Four score and seven years ago our fathers brought forth on this continent a new nation, conceived in liberty, and dedicated to the proposition that all men are created equal. 
Now we are engaged in a great civil war, testing whether that nation, or any nation so conceived and so dedicated, can long endure. We are met on a great battlefield of that war. We have come to dedicate a portion of that field, as a resting place for those who here gave their lives that that nation might live. It is altogether fitting and proper that we should do this. 
But, in a larger sense, we can not dedicate, we can not consecrate, we can not hallow this ground. The brave men, living and dead, who struggled here, have consecrated it, far above our poor power to add or detract. The world will little note, nor long remember what we say here, but it can never forget what they did here. It is for us the living, rather, to be dedicated here to the unfinished work which they who fought here have thus far so nobly advanced. It is rather for us to be here dedicated to the great task remaining before us -- that from these honored dead we take increased devotion to that cause for which they gave the last full measure of devotion -- that we here highly resolve that these dead shall not have died in vain -- that this nation, under God, shall have a new birth of freedom -- and that government of the people, by the people, for the people, shall not perish from the earth.
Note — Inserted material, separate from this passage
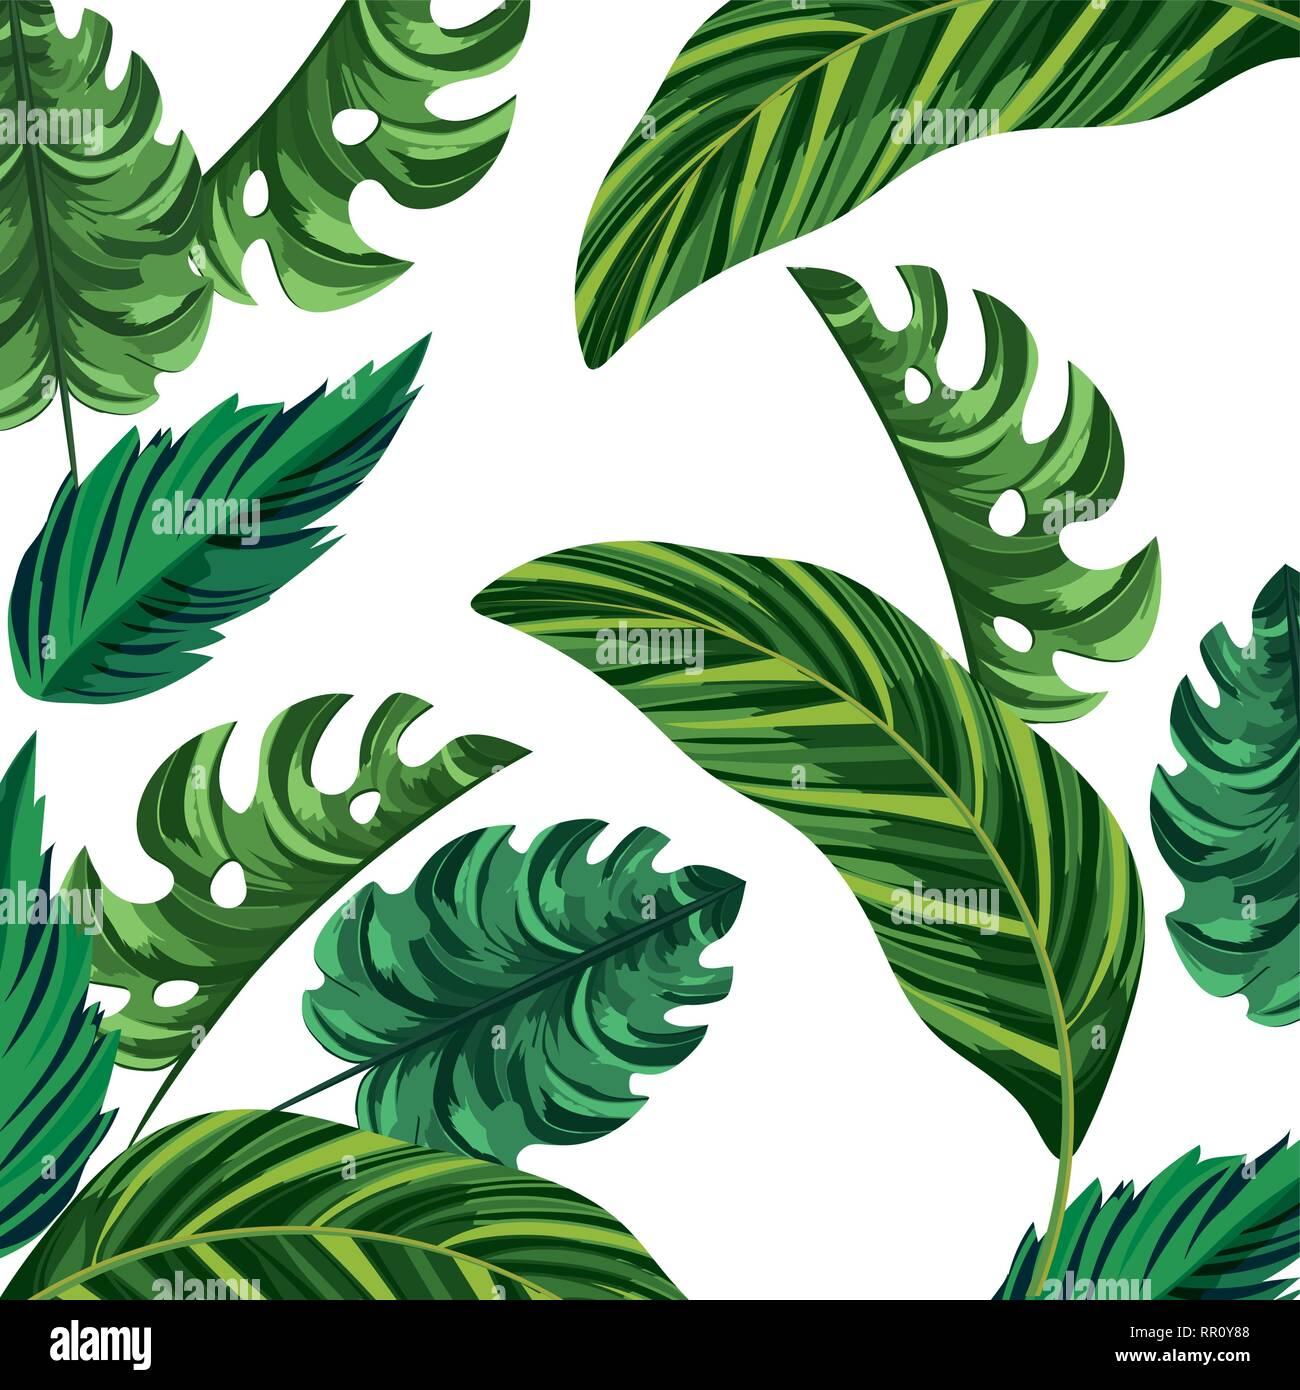 Nature Leafs Cartoon Stock Vector Image Art Alamy

Edward Everett himself said afterwards, "I should be glad if I could flatter myself that I came as near to the central idea of the occasion, in two hours, as you did in two minutes." Others weren't nearly as kind. The Chicago Times, a paper with a heavily Democratic editorial board, wrote, "The cheek of every American must tingle with shame as he reads the silly, flat and dishwatery utterances of the man who has to be pointed out to intelligent foreigners as the President of the United States." But love it or loathe it, Lincoln got one thing wrong. The world would long remember what was said here. Because while between them Vicksburg and Gettysburg would prove to be military turning points in the war, this speech would prove to be a political turning point. Lincoln was beginning to reframe the conflict.
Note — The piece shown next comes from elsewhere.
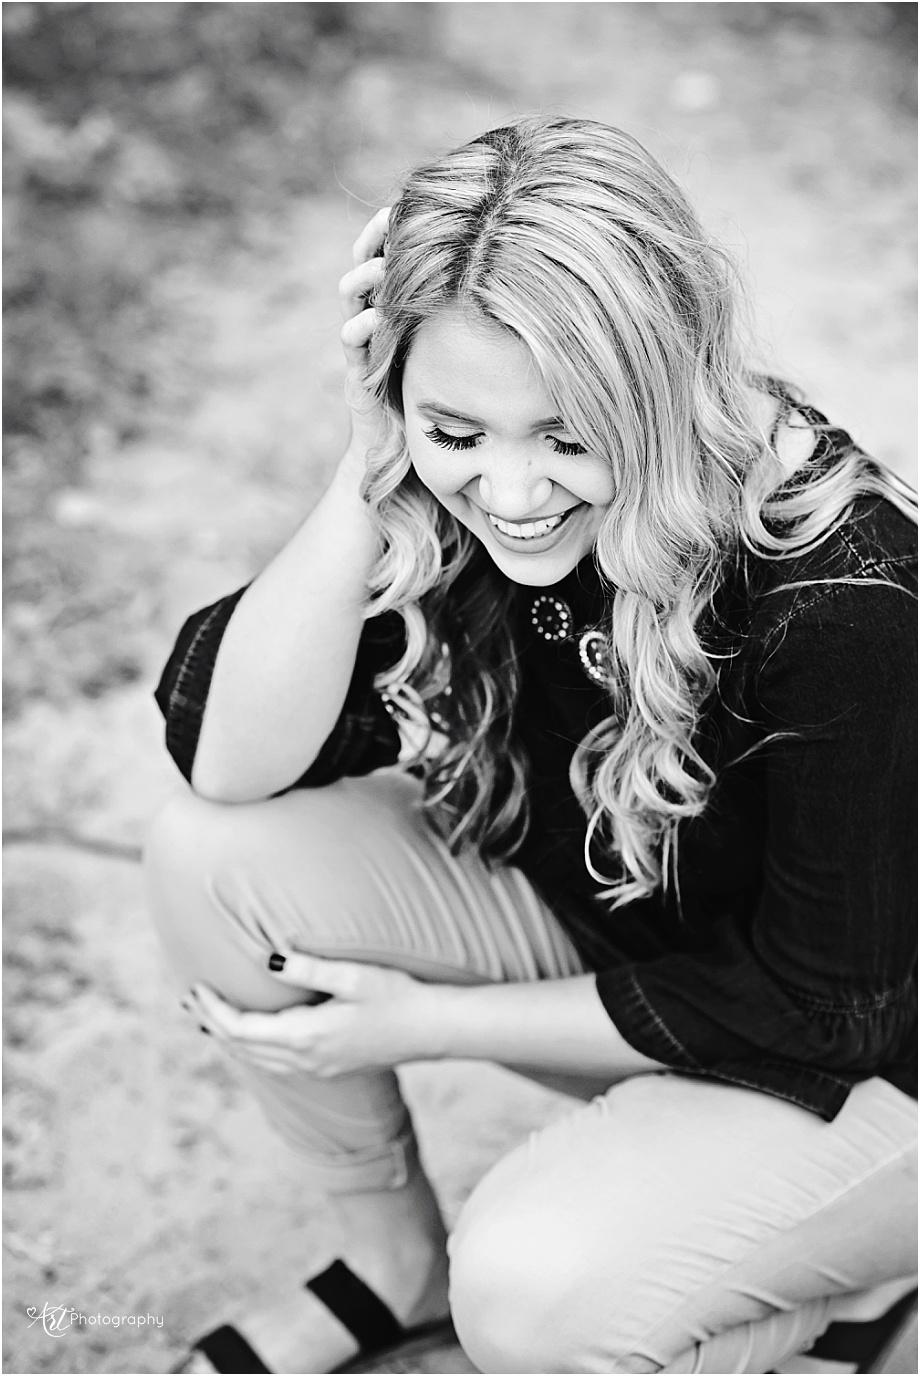 ART Photography - Phoenix, Surprise, West Valley High School

His opening phrase, describing America as a nation "conceived in liberty, and dedicated to the proposition that all men are created equal," is a "take that" aimed directly at the President of the Confederacy, Jefferson Davis. Davis, and his Vice-President, Alexander Stephens, characterized their nation as a union between States, and that only. The people have no business in the business of their nation, except second-hand, as citizens of their State. Also, "all men are created equal," a phrase drawn directly from the Declaration of Independence, stands in direct counterpoint to an address by Alexander Stephens, where he said, "Our new Government is founded upon exactly the opposite ideas; its foundations are laid, its cornerstone rests, upon the great truth that the negro is not equal to the white man, that slavery, subordination to the superior race, is his natural and normal condition."
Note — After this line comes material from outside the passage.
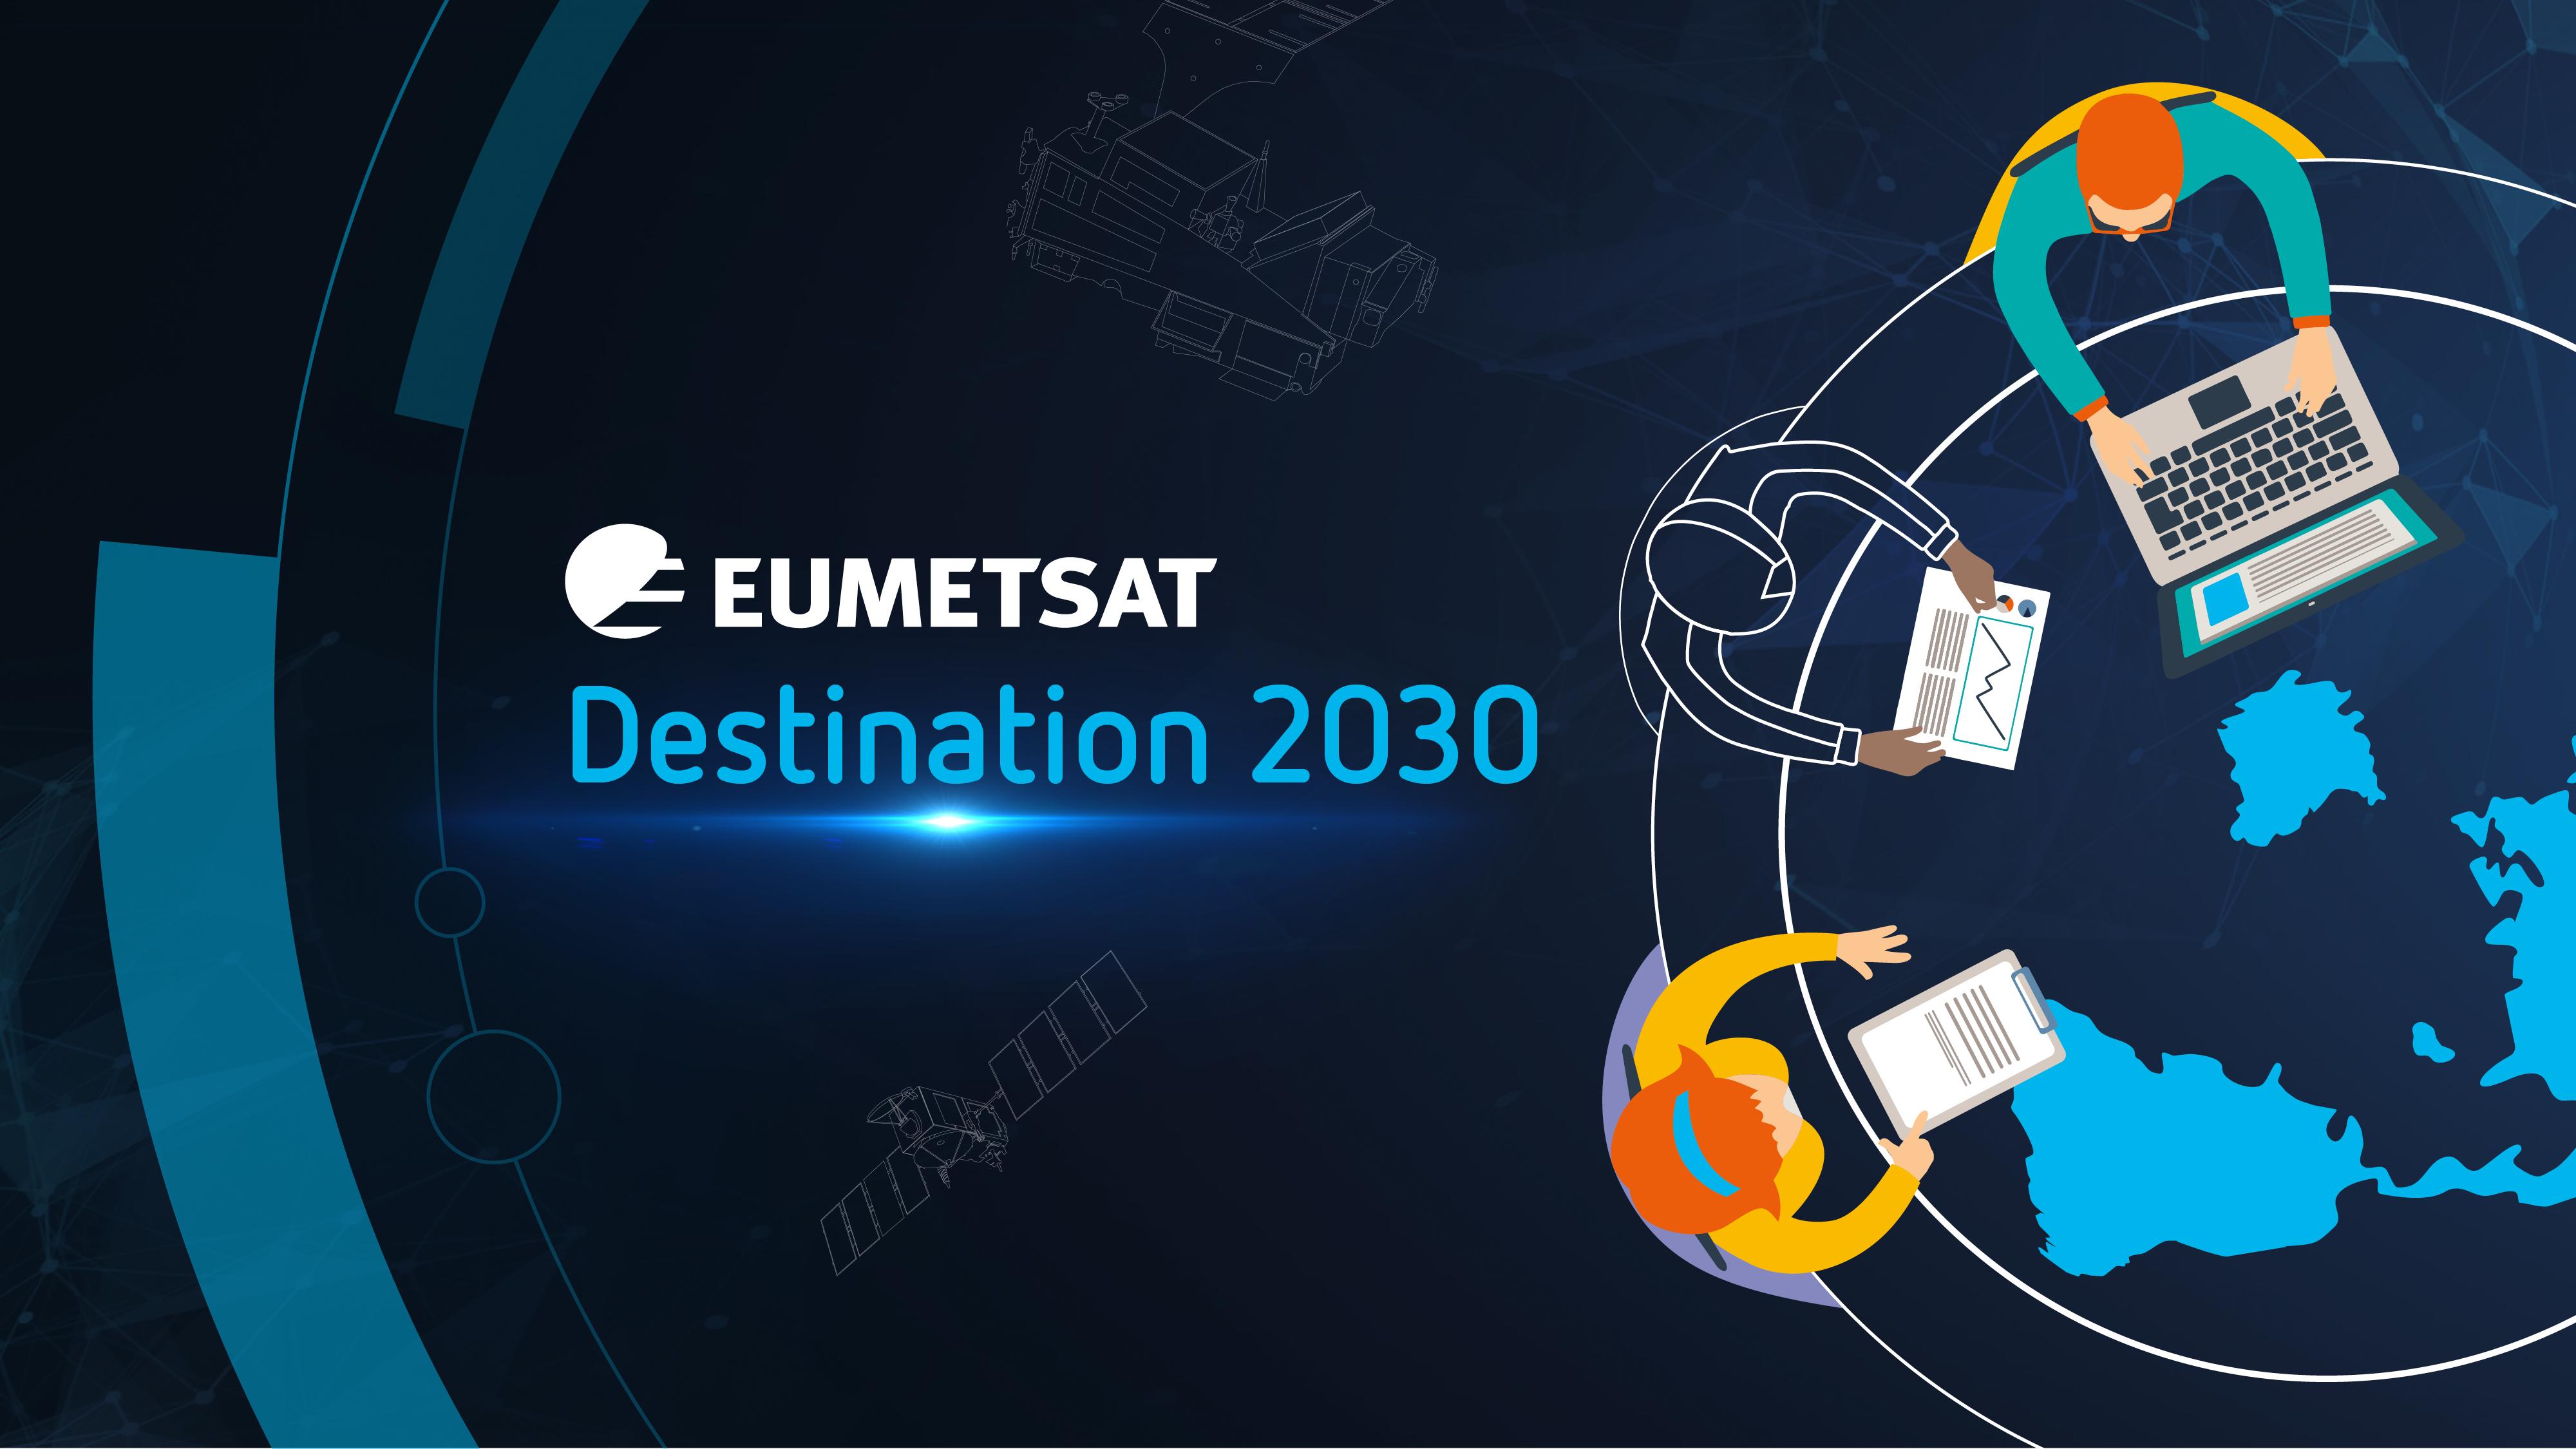 EUMETSAT Destination 2030

Here, he makes the distinction plain, without coming right out and saying it: this war must become a war for freedom. It must become the Final Solution to the Slavery Question. Too much has been paid, too many have been lost, for this war to merely be about recovering territory. It must become bigger than that, it must become better than that. The sentiment caught, and spread like wildfire.



What had been a war to restore the Union was becoming a crusade for human liberty. In some people's eyes it had always been such, for others, they'd be slow in coming around. But come around they would.

They'd paid too much and bled too deeply for it to be anything else.